La grand-mère de Tess et Elliot a fait les quatre cents coups avec la beat generation. Mannequin pour Coco Chanel et amante de Gregory Corso, elle a fumé des pétards avec Truman Capote puis terminé sa vie en jurant, au milieu des livres et de l’Iowa. Ses deux petits-enfants ont voulu en savoir plus : ils ont fini par jeter leur sac à dos dans un bus Greyhound, en direction de Story City.

« Je suis venue ici pour crever ». C’était ta réponse préférée, Marjorie, à la question qu’on se pose aussi avec Elliot : « Mais qu’est-ce que t’as été foutre en Iowa ? ».

L’Iowa, Marjorie, l’Iowa ! L’Iowa et ses villes sans charme, sa campagne dramatiquement plate, dévastée par l’agriculture intensive. Pas un hectare qui ne soit pas dédié à la culture du maïs ou du soja.
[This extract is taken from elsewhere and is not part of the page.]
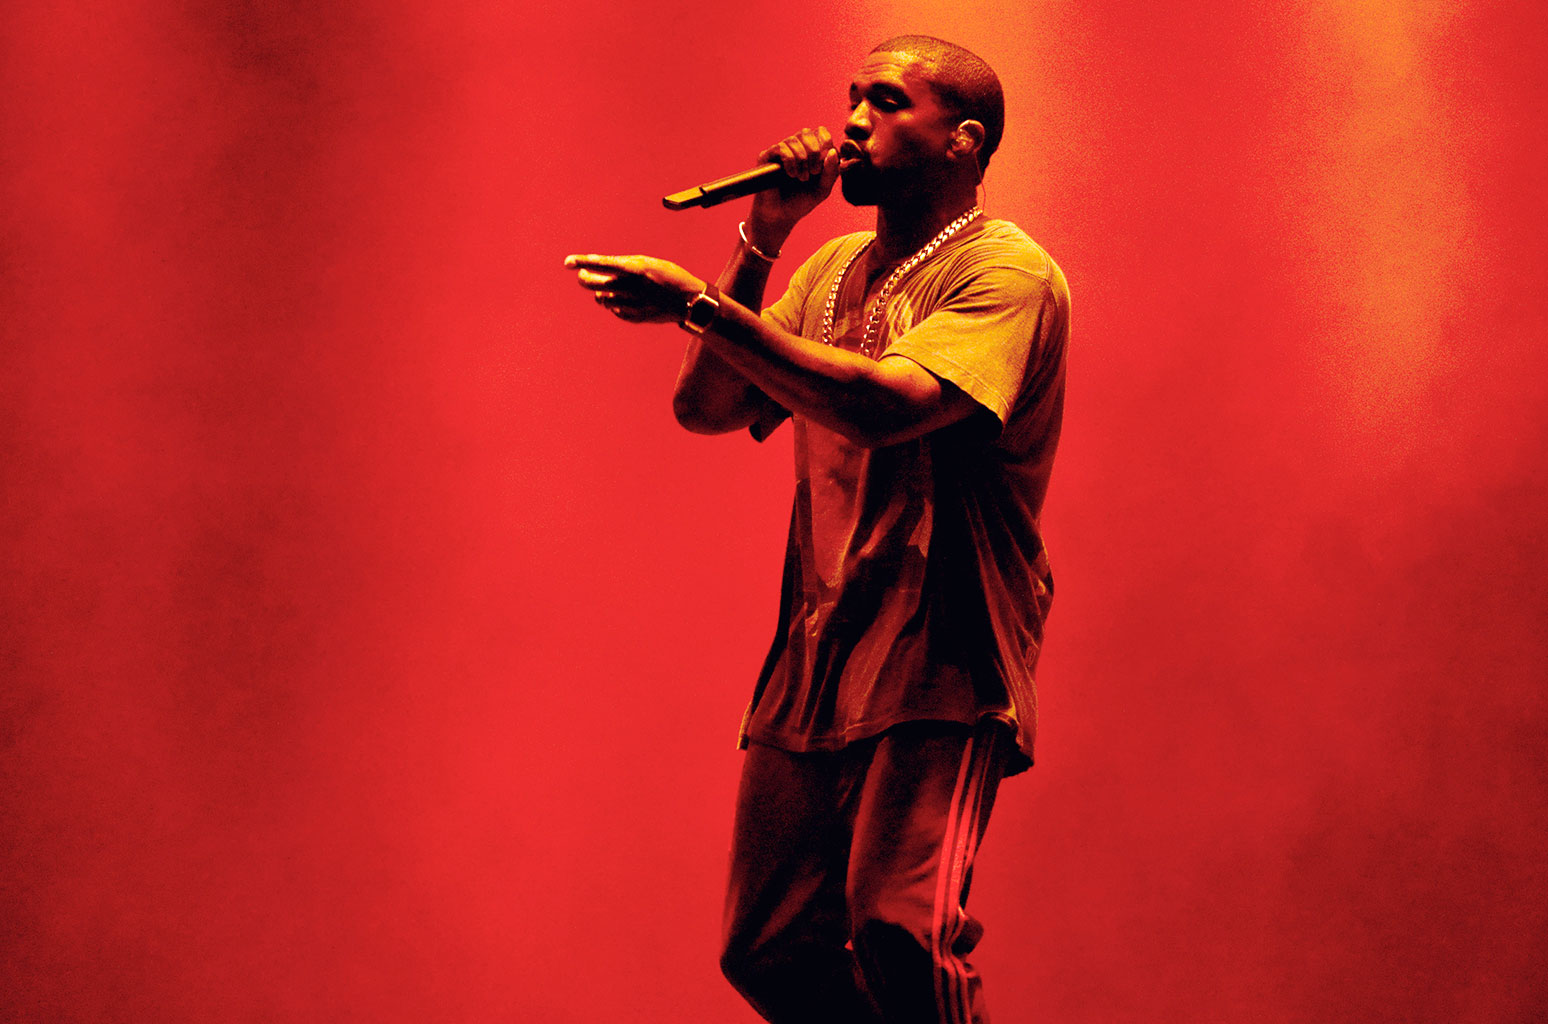 Kanye West: Τραγούδησε σε θαυμάστριά του που έπασχε από καρκίνο, λίγο πριν φύγει από την ζωή | tlife.gr

L’Iowa et ses immenses silos à grains qui trônent au milieu des villages. Toi, l’amoureuse des livres, comment t’as pu survivre dans une région où même les bibliothèques sont drive-in, comme de vulgaires Mc Do ? On passe sa commande sans même descendre de son pick-up. Ici, pas de transports en commun, même pas de trottoirs. La voiture, de préférence bruyante, est la reine absolue du paysage. Et puis cette odeur, celle que tu détestais tant, celles des effluves d’ammoniaque qui s’échappent des granges à cochon. Hier, impossible de boire notre bière sur le porche.

« Elle ne tiendra pas une semaine », disait ton frère quand t’es revenue de New-York dans la ferme familiale, à la fin des années 70. Il faut dire que t’avais dépensé tellement d’énergie à foutre le camp… Les raisons de ton retour ne sont pas compliquées : t’avais plus un rond. T’es rentrée avec tes deux fillettes, pas bien grosses mais en bonne santé. Mais toi, toi, tu faisais peur. C’était pas une histoire de taille fine, comme celle qu’on t’envie tellement sur ces photos en noir et blanc de ta période Chanel. « Maigre comme sortie d’un camp de concentration » chuchotait la famille. Les années new-yorkaises avaient été riches en culture mais pauvres en protéines. Tu ne le savais pas encore, mais tu resterais ici une trentaine d’années, jusqu’à la fin de ta vie en 2007. T’as eu le cuir coriace.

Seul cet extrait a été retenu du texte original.